1 metriaclima is the same genus as the zebras...OB zebra and red zebra are also metriaclima. If you add up all the metriaclima and you have 1m:4f it could work but don't save fry.

The common name upside down catfish can apply to a bunch of different synodontis, some that work with mbuna and some not so much. For Synodontis, I like to recommend a group of 5-6 multipunctatus, petricola or lucipinnis.


----------



## B.Roberson (Nov 6, 2011)

Yes that list would be accurate to what I want. The red fin,,, gosh I can't find anything similar but they are the exact body style of labs and zebra, brown with a slightly yellow tail with subtle virticle stripes in the body.. let me check the catfish. They were recommended for my cichlid tank, kinda striped ,not bristlenose.. they are short and stubby, but they are deffinitly synos. So 3 zebras and 3 of those red fin is what worries u? I really want the zed ob zebras, I could lose the maybe all but 1 red fin.....they are cool.


----------



## DJRansome (Oct 29, 2005)

Let's take a different view. With medium aggression mbuna, you could stock 4 males and 16 females in the tank.

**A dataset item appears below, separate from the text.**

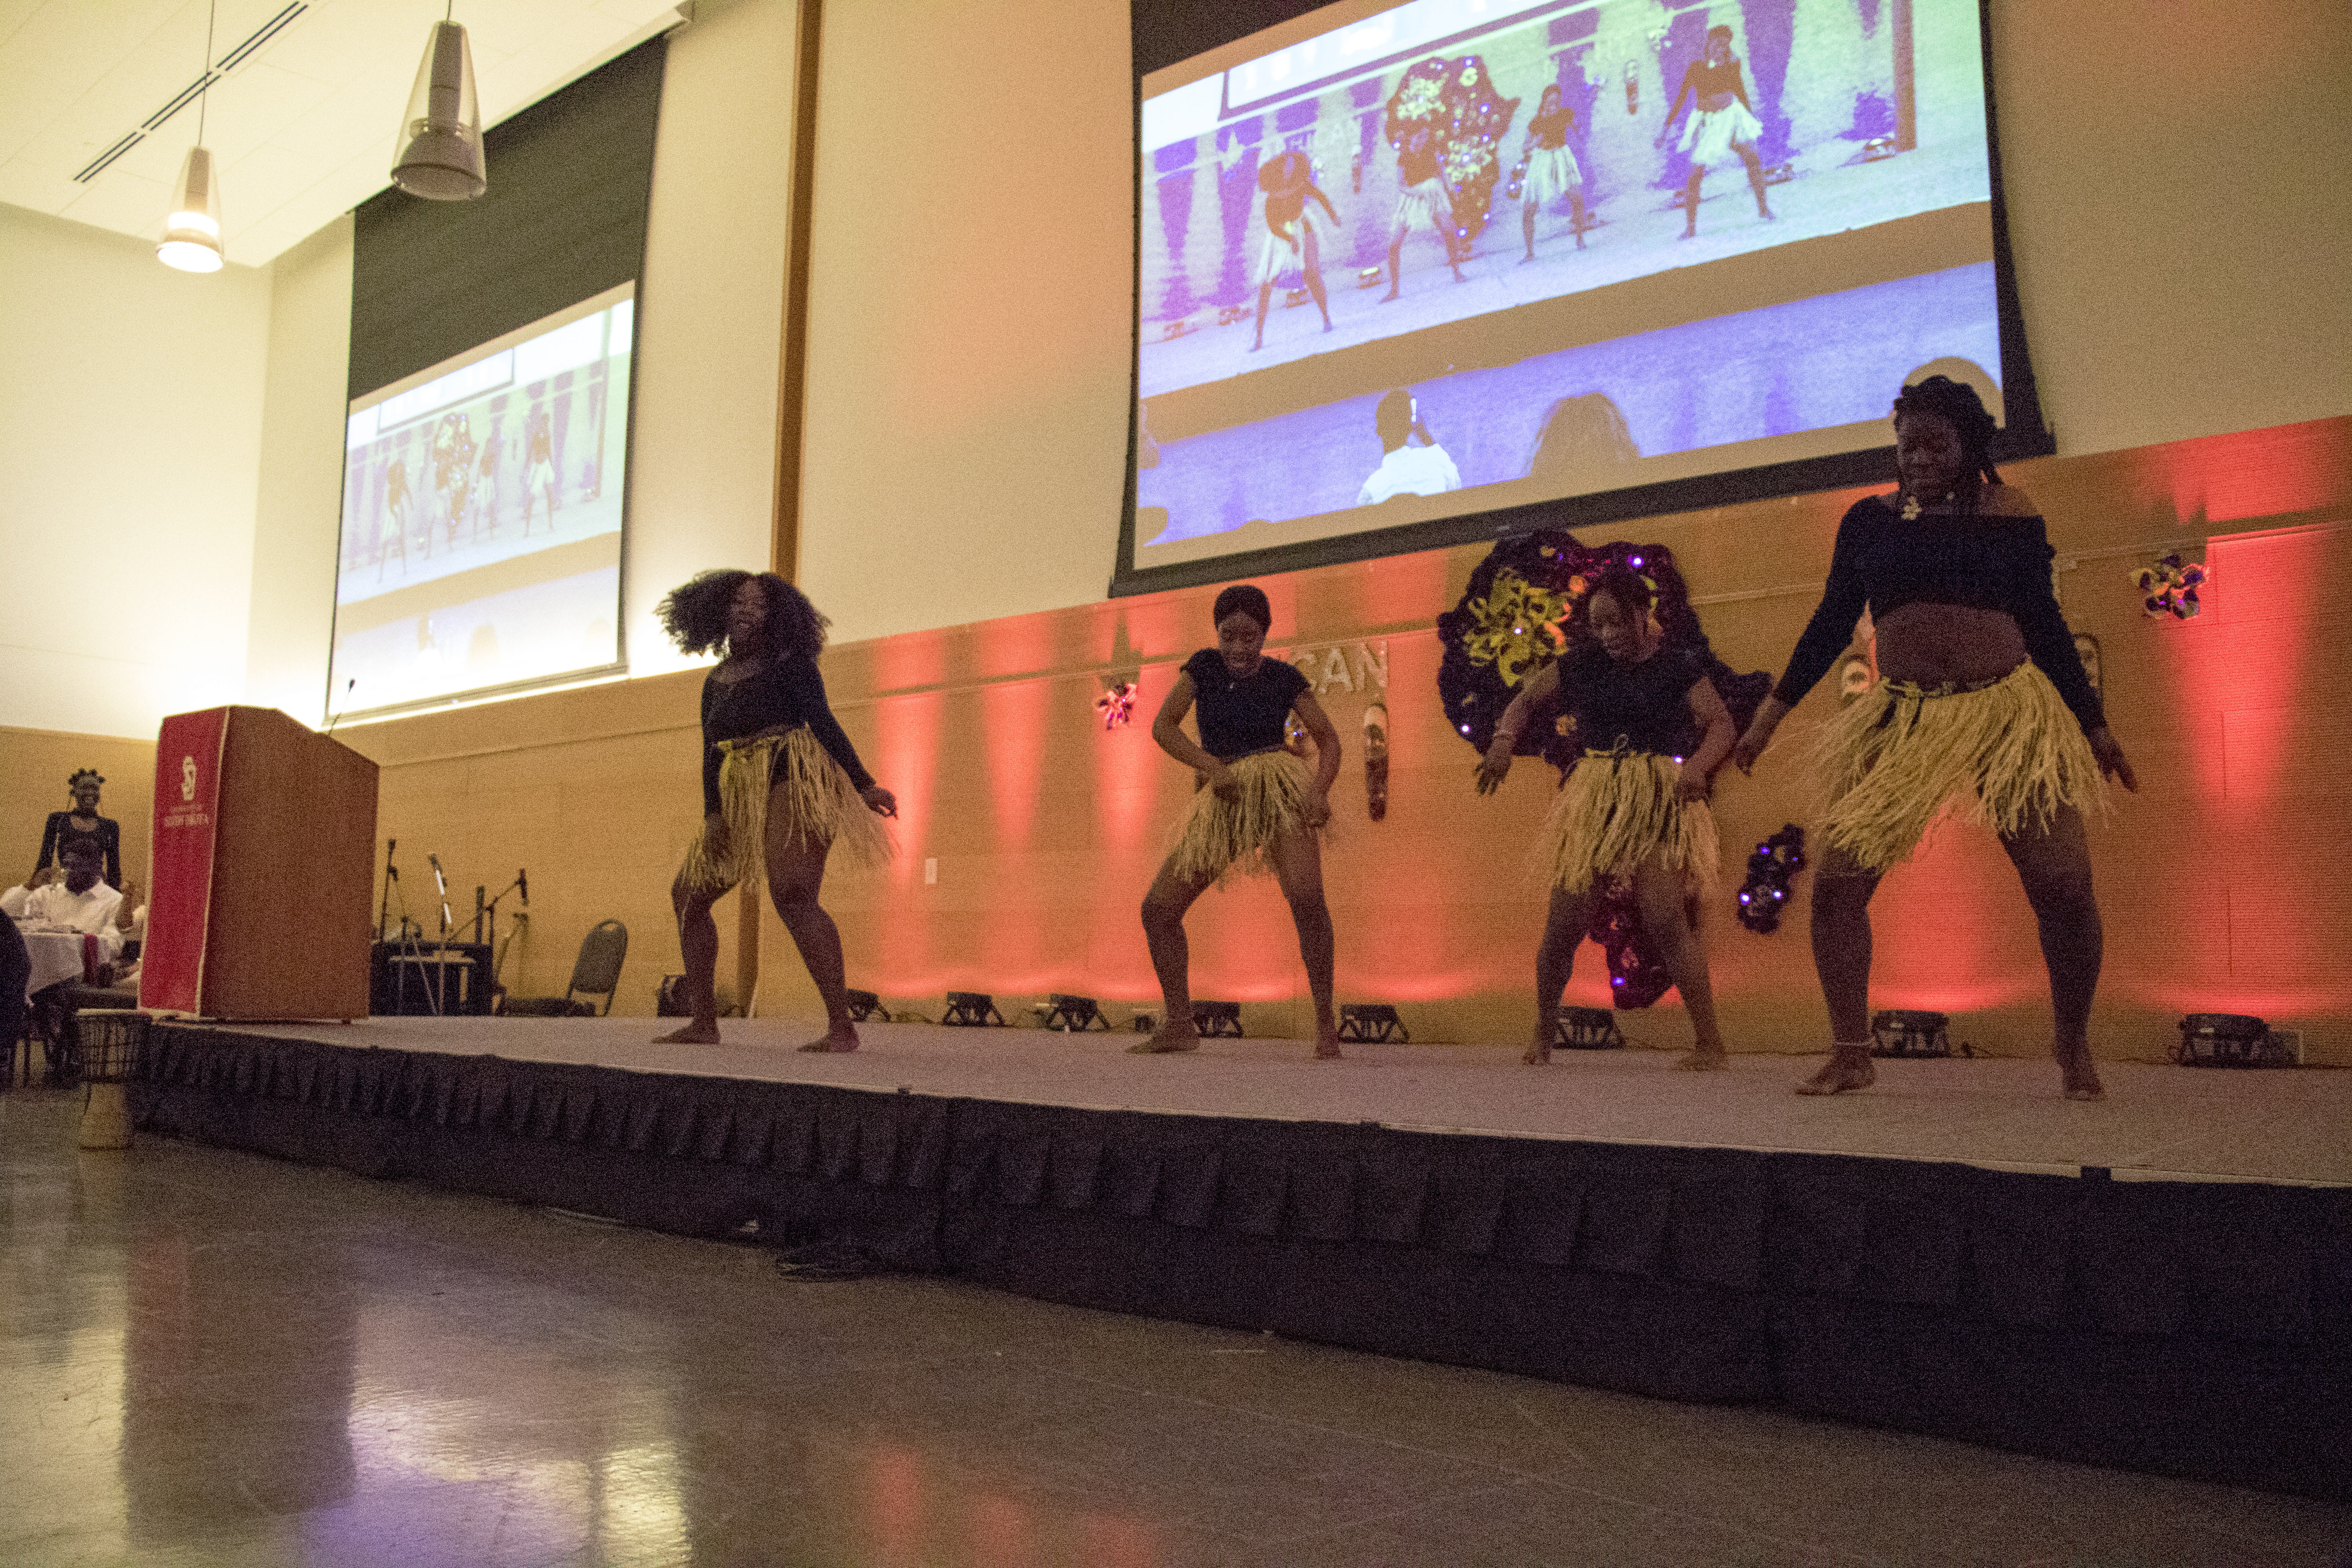 African Night students take an aim to embrace inclusiveness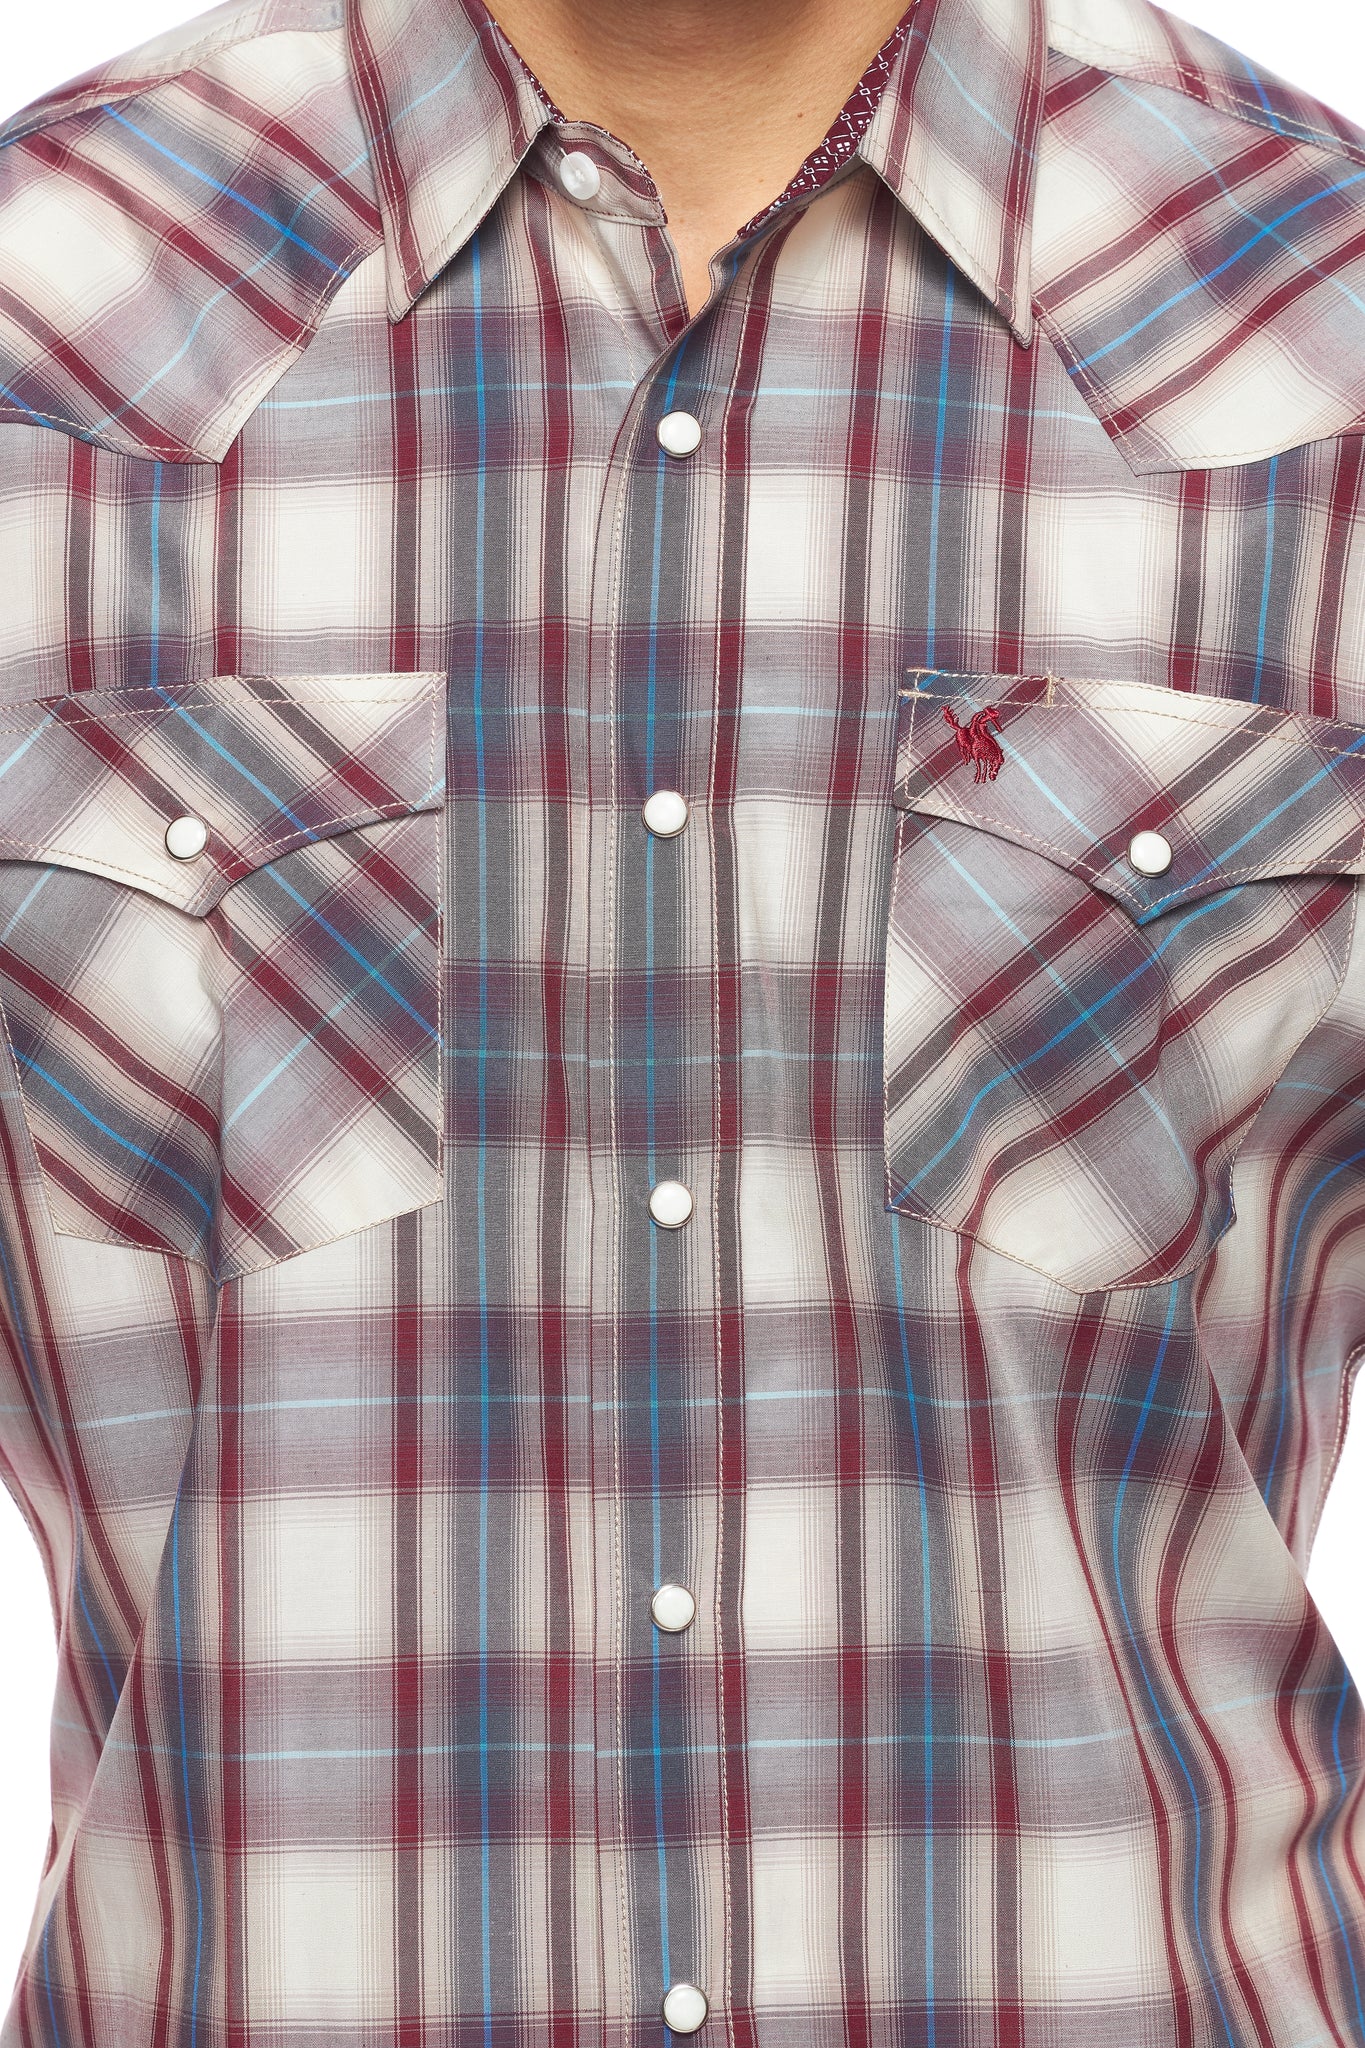 Men's Western Short Sleeve Plaid Shirts With Snap Buttons

You have 4 males just with the labs and acei.

If you keep just one of anything, you want to be sure it's a female because you need more females.

Are the red OB zebras all males?


----------



## B.Roberson (Nov 6, 2011)

It appears I have 3m 3f combined zebra. Yes 2m 2f acei, 2m 2f labs, and I confirmed the ( redfin ) are tropheus.I specifically went back to the store and verified. So 2m 2f of those. 1 auratus. Thanks for your help :dancing:


----------



## DJRansome (Oct 29, 2005)

I'd lose the auratus and all the tropheus.

Tropheus are a little like demasoni in that they get bloat easily, and do best in a large group...even a species tank.

I would not have more than one male Metriaclima in any 48" tank.

Since you are really struggling with removing fish, and no one is dying yet...maybe just remove the jewels and see how things go.


----------



## B.Roberson (Nov 6, 2011)

And I was kinda thinking the same. I just don't want anyone do die you know??? I'm gonna lose the jewells, 1 maingano and see what happens ..I :roll: I think I'm stressful to much waiting for something bad to happen when it hasn't yet...


----------



## DJRansome (Oct 29, 2005)

At least now you know what to look for. :thumb:


----------



## B.Roberson (Nov 6, 2011)

Do you think I could add 1 cobalt zebra or 1 ice blue ( metrilaclima greshakei)? After removing my jewels and maingano??


----------



## DJRansome (Oct 29, 2005)

No, I don't think so. Not without removing females.


----------



## B.Roberson (Nov 6, 2011)

Hi DJ. Females of what?? All females of all? Hey I was gonna ask, you still have a 125, 2,75 running? Wow! A lot of beautiful fish!


----------



## DJRansome (Oct 29, 2005)

You have about 6 males and 9 females. IME the females are already at risk. If you want to add two more species, it seems like you really want variety so an all-male tank seems the best solution. I'd remove all females.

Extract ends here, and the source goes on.